The answer they have is -AC -1/2AC
I can't see to figure out why this is correct. Can someone please explain it to me? Thanks!
Since the forum is being updated, LaTeX is not working yet, but you can still see what Grandad typed by quoting him.

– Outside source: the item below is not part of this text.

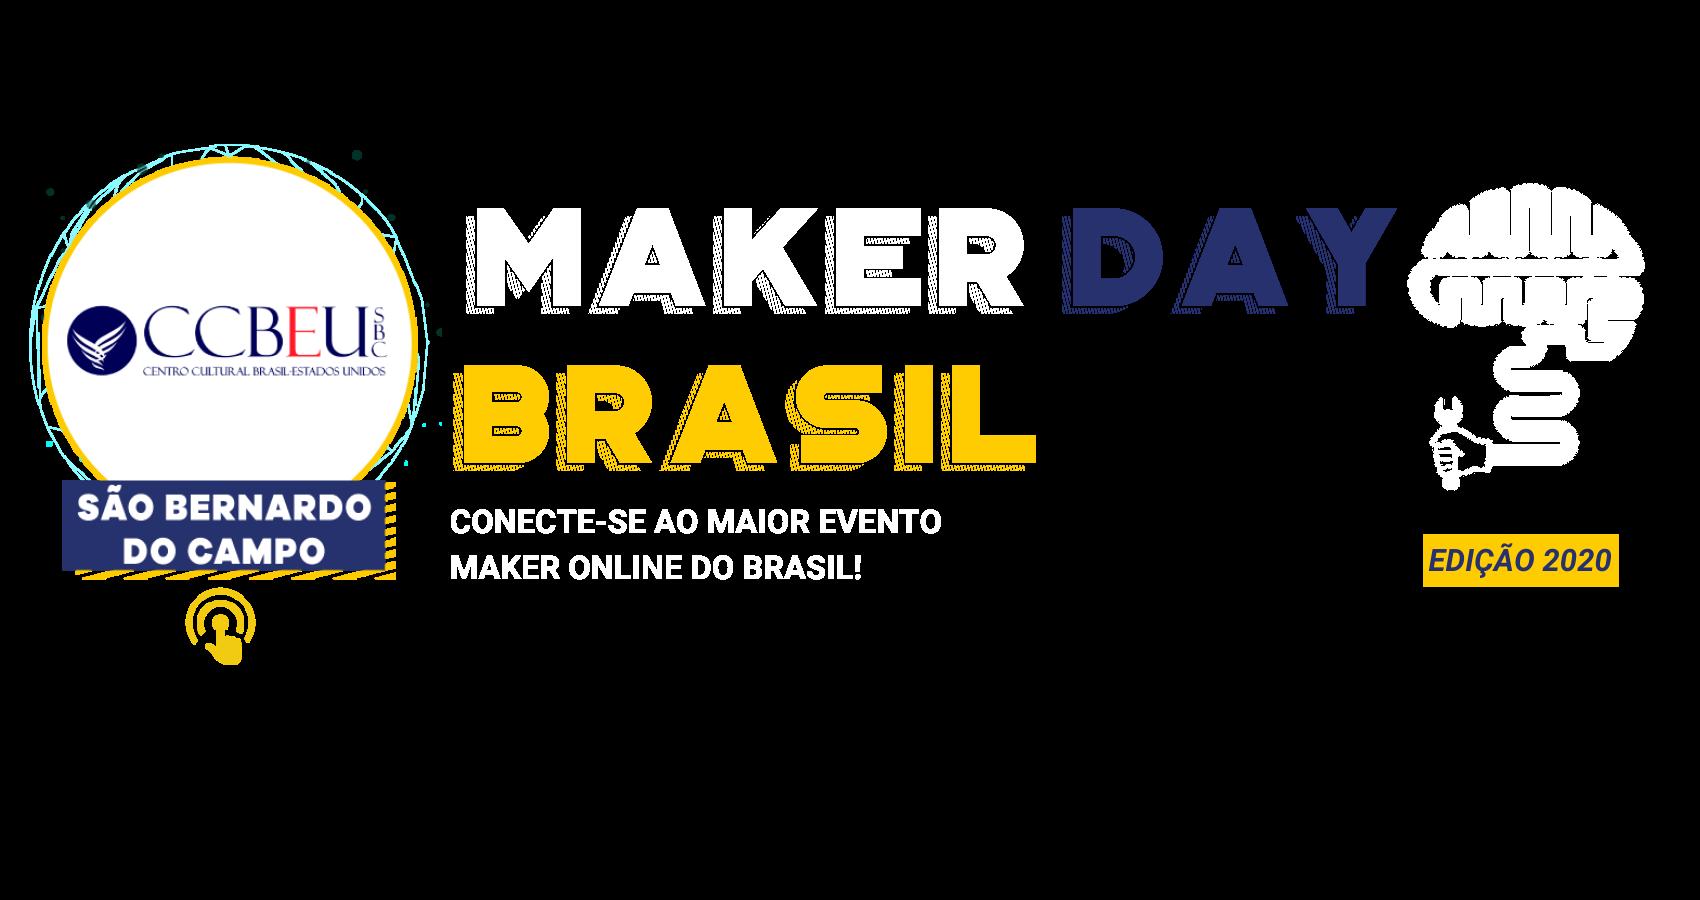 Maker Day Brasil Capa Sao Bernardo do Campo
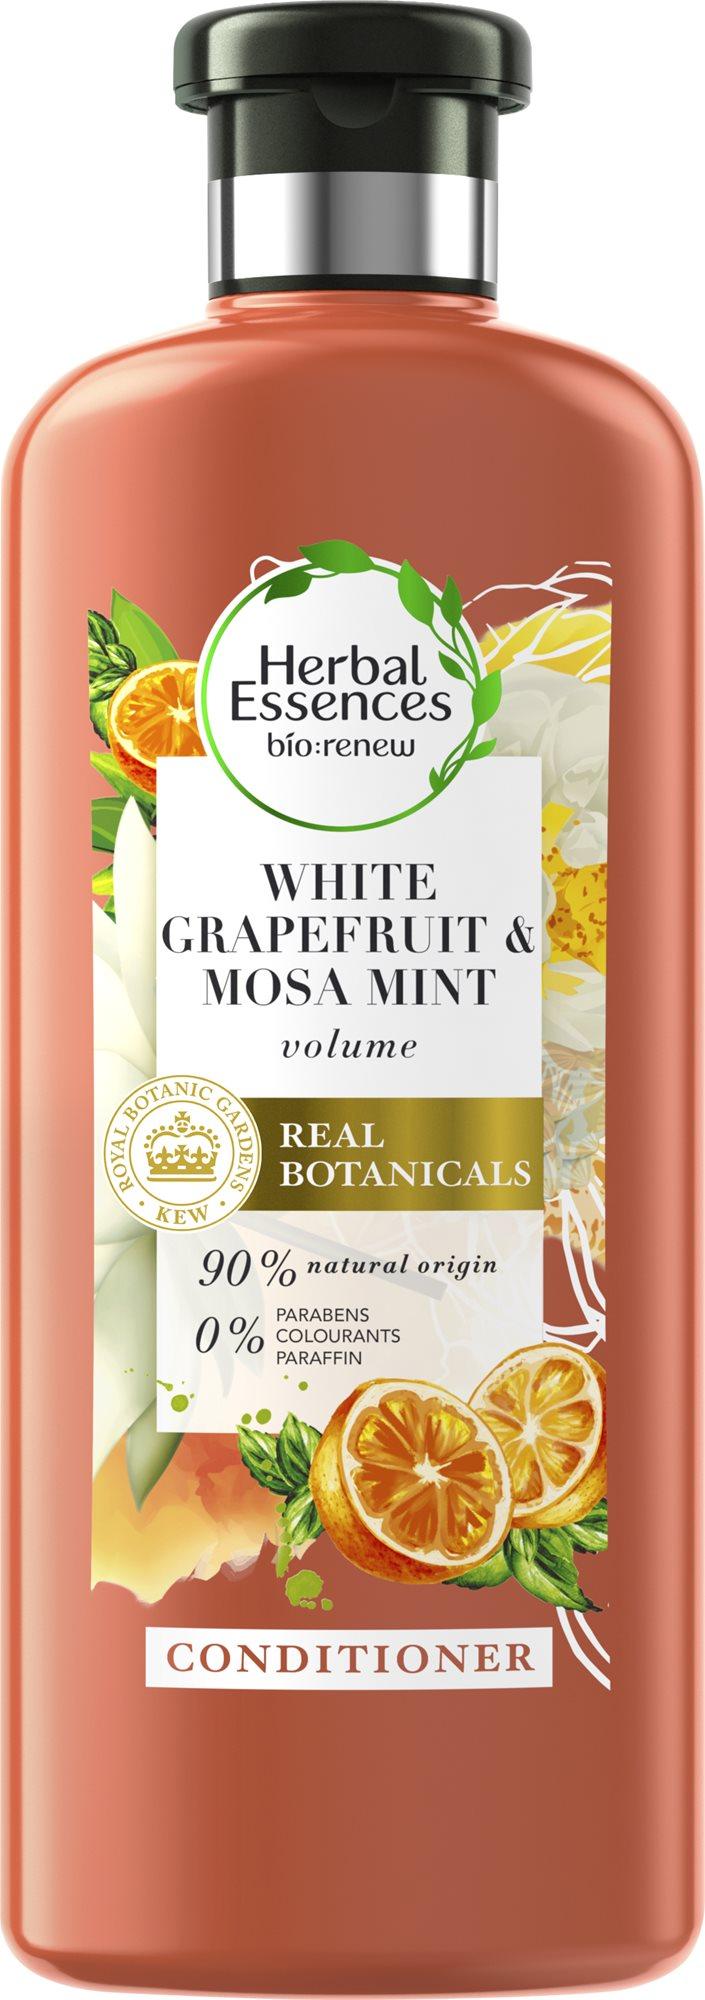 Herbal Essence Grapefruit and Mosa Mint 360 ml

He typed:
[tex]\vec{AE} = \vec{AC}+\vec{CD}+\vec{DE}[/tex]
[tex]=\vec{AC}-\vec{AB}-\tfrac12\vec{AC}[/tex]
[tex]=\tfrac12\vec{AC} -\vec{AB}[/tex]
I could find some way to make an image (or you could), but maybe you can see what it should look like already.
Hello, john-1
$\displaystyle ABCDE$ is a pentagon such that $\displaystyle \overrightarrow{AB} = \overrightarrow{DC}$ and $\displaystyle \overrightarrow{AC} = 2\!\cdot\!\overrightarrow{ED}.$
Write $\displaystyle \overrightarrow{AE}$ in terms of $\displaystyle \overrightarrow{AB}\text{ and }\overrightarrow{AC}. $
The answer they have is: .$\displaystyle -\overrightarrow{AC} -\tfrac{1}{2}\overrightarrow{AC}$ . This can't be right!
We have: .$\displaystyle \overrightarrow{AE} \;=\;\overrightarrow{AC} + \overrightarrow{CD} + \overrightarrow{DE} $
. . . . . . . . . . . $\displaystyle =\;\overrightarrow{AC} - \overrigjhtarrow{DC} - \overrightarrow{ED} $
. . . . . . . . . . . $\displaystyle =\;\overrightarrow{AC} - \overrightarrow{AB} - \frac{1}{2}\overrightarrow{AC} $
. . . . . . . . . . . $\displaystyle =\;\frac{1}{2}\overrightarrow{AC} - \overrightarrow{AB}$